You can skip anything that isn’t part of the actual 5 main tests. Which is totally doable, because another issue I found was that the previous teaching, rarely had anything to do with the “free-form test” part. For the first one you build a survey form, and that one matched pretty well. The Tribute Page was close-ish, but starting to stray. The following two sections end with a Product Landing Page and a Technical Documentation Page. Which are basically just, slight variations of the Tribute Page. As is the final project of a Personal Portfolio page. The exercises though are these slightly painfully slow little CSS-based art projects. You kind of learn some neat techniques, but honestly, as someone who has done some front-end dev work, a lot of it is simply not practical. The CSS penguin is neat, but if I want a penguin on my webpage, I’m just going to find a PNG.

The final challenges themselves are kind of simple to cheese through as well. There is a checklist of what it’s looking for, if you meet those requirements, you pass. It doesn’t matter if the end result is even functional. For the Profile page, I took the code from my existing Github.io page and added some ID tags to it.

There is also this weird inconsistency of methodology. It’s most obvious in colors. There are several ways to assign colors in CSS. Which one is used in this course is inconsistent, though it seems to prefer RGB (R G B). Personally, I prefer just using hex, it’s simple and easy Just an easy #aaaaaa, that sort of thing. There is a lot in this course that actually kind of feels like there is an instructor trying to push some supremely anal-retentive and less-used CSS concepts on the world. using rgb instead of hex doesn’t make you a graphic designer even though it feels fancier. Also, classes are much preferred to ids. There are a lot of places using ids in this course where it should use classes.

Anyway, the projects themselves. I’ve posted the whole thing on GitHub, and I’ll point out my personal highlights.

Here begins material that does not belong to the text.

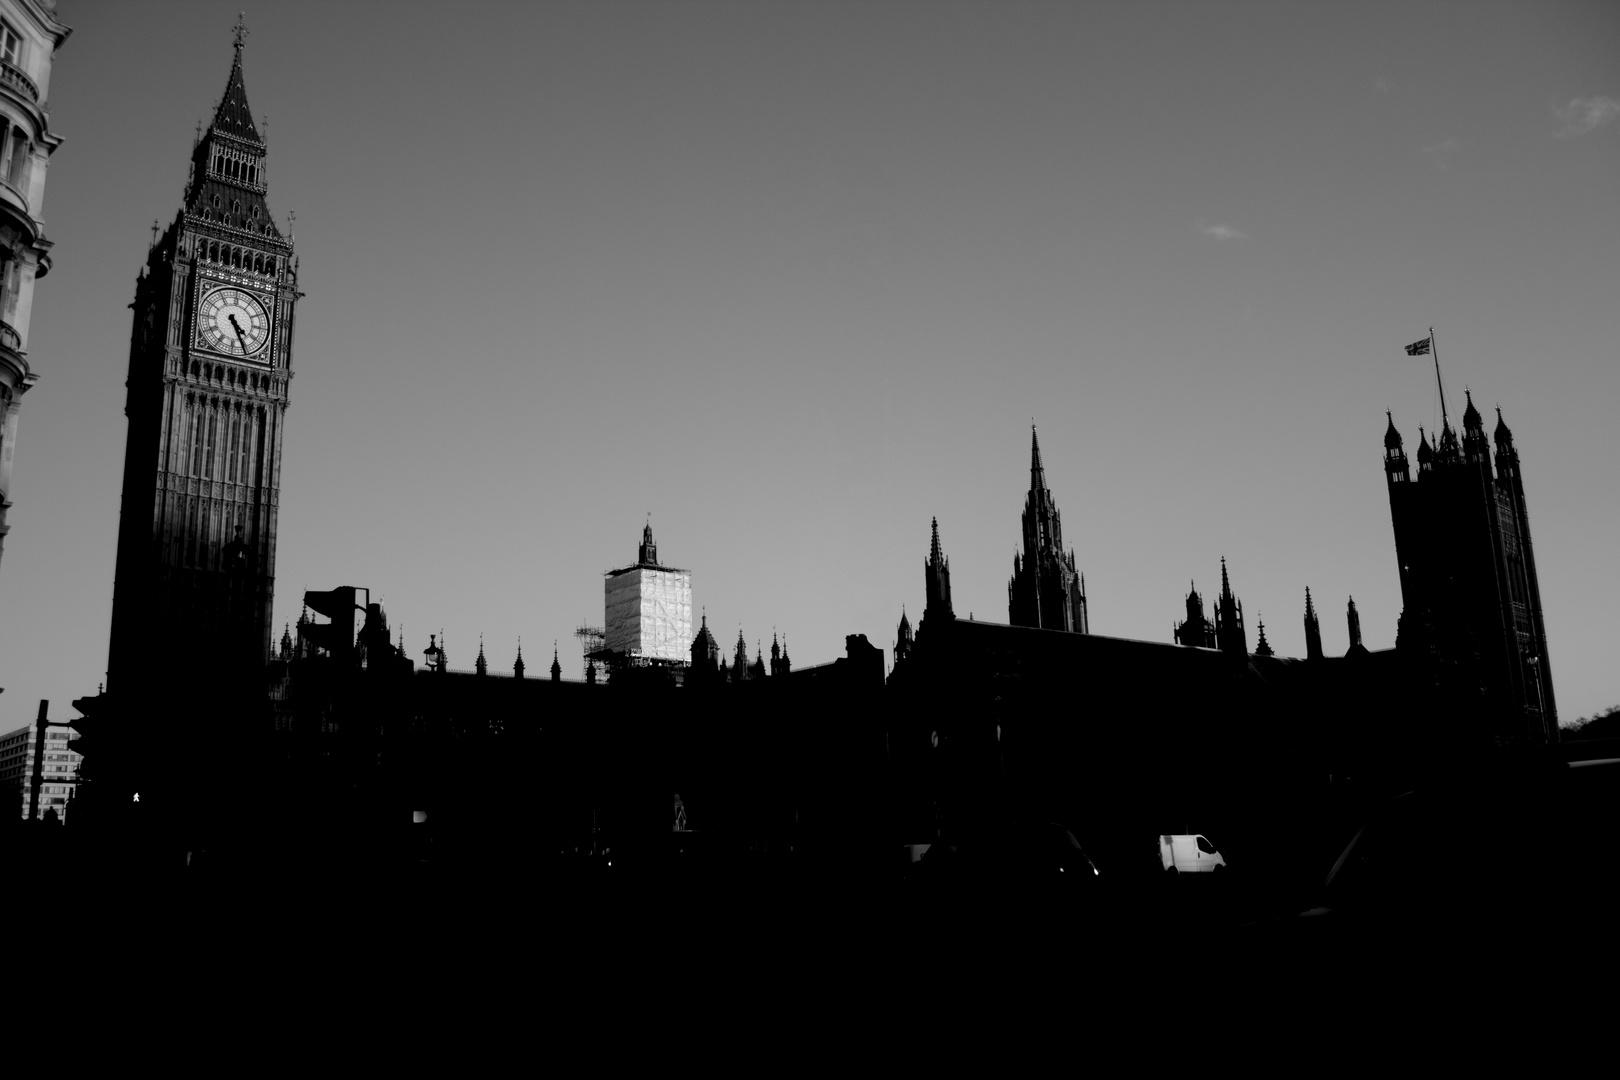 London Elizabeth Tower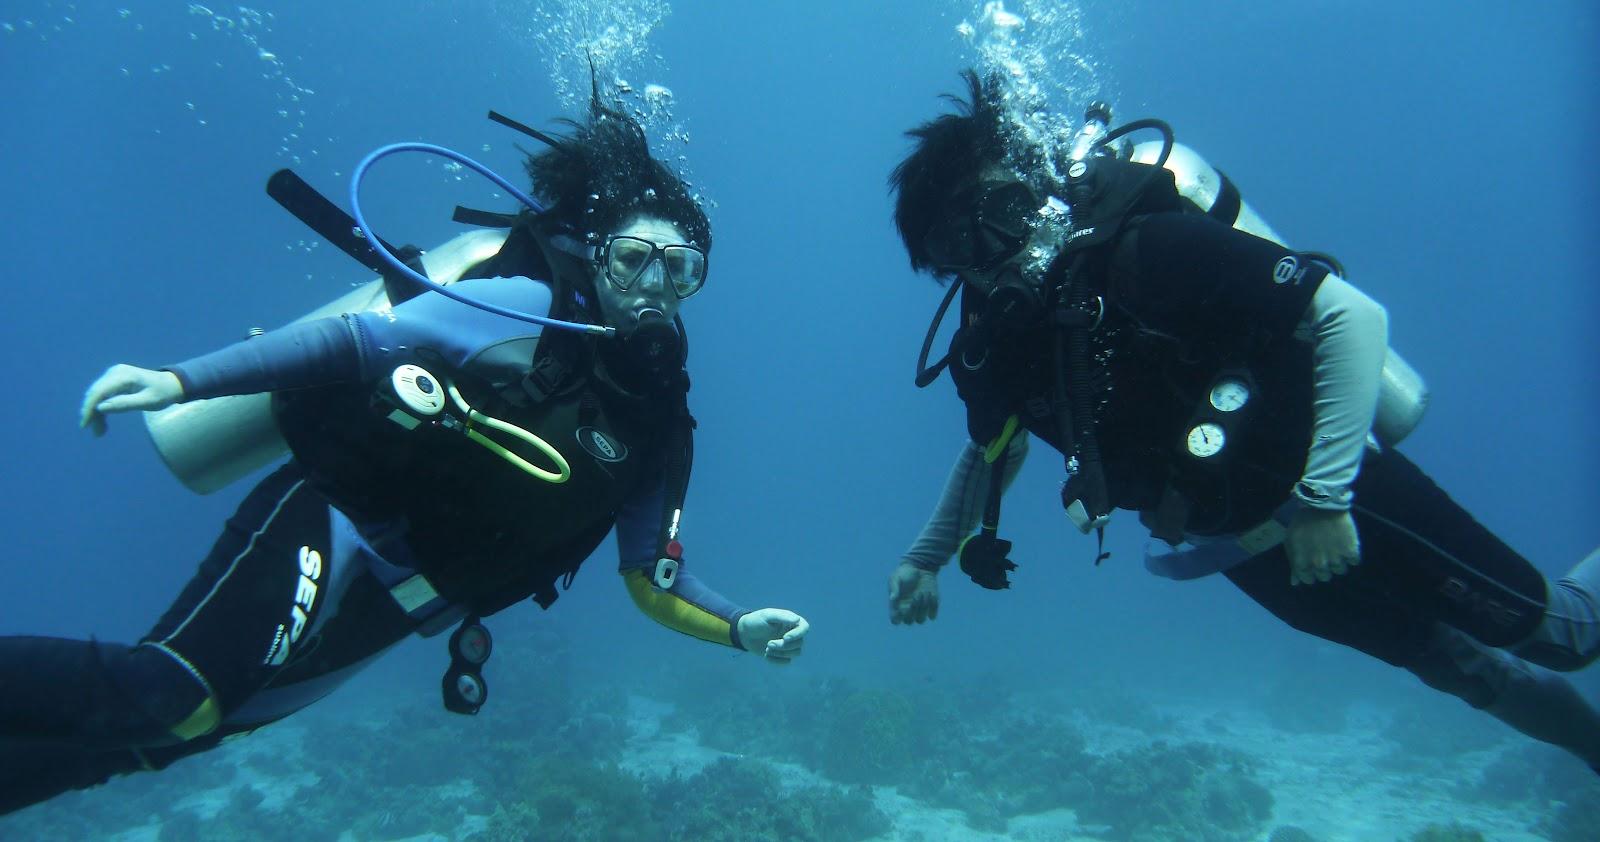 Berny eats the world jordan spring 2012 for Aqaba dive

  • CSS Colored markers – As tedious as the course was in its teaching methods, the little artsy CSS things do turn out neat like these little markers. This was probably the most interesting from the first section.
  • Flexbox Photo Gallery – I actually reused this code to build a new version of my home dashboard to replace the one I lost when my Raspberry Pi crapped out. This is probably the most valuable lesson in this whole lesson set.
  • CHVRCHES Tribute Page – Not that exciting of a design, but the final project was to build a tribute page, so I made one for CHVRCHES.
  • Balance Sheet – It’s nice looking, but there are jQuery libraries that basically just do this, with tables.
  • Picasso Painting – I have no idea WTF this is supposed to be. Apparently, others don’t either because I noticed that at some point this lesson was replaced with one where you build a cat painting.
  • Piano – I actually want to see about combining this with part of what was learned in the FCC JavaScript class to make the Piano functional at some point.
  • Magazine Layout – It’s kind of a neat layout, I may reuse some of this code at some point, but I don’t know what I would use it for.
  • Penguin – Look at him wave, isn’t he adorable?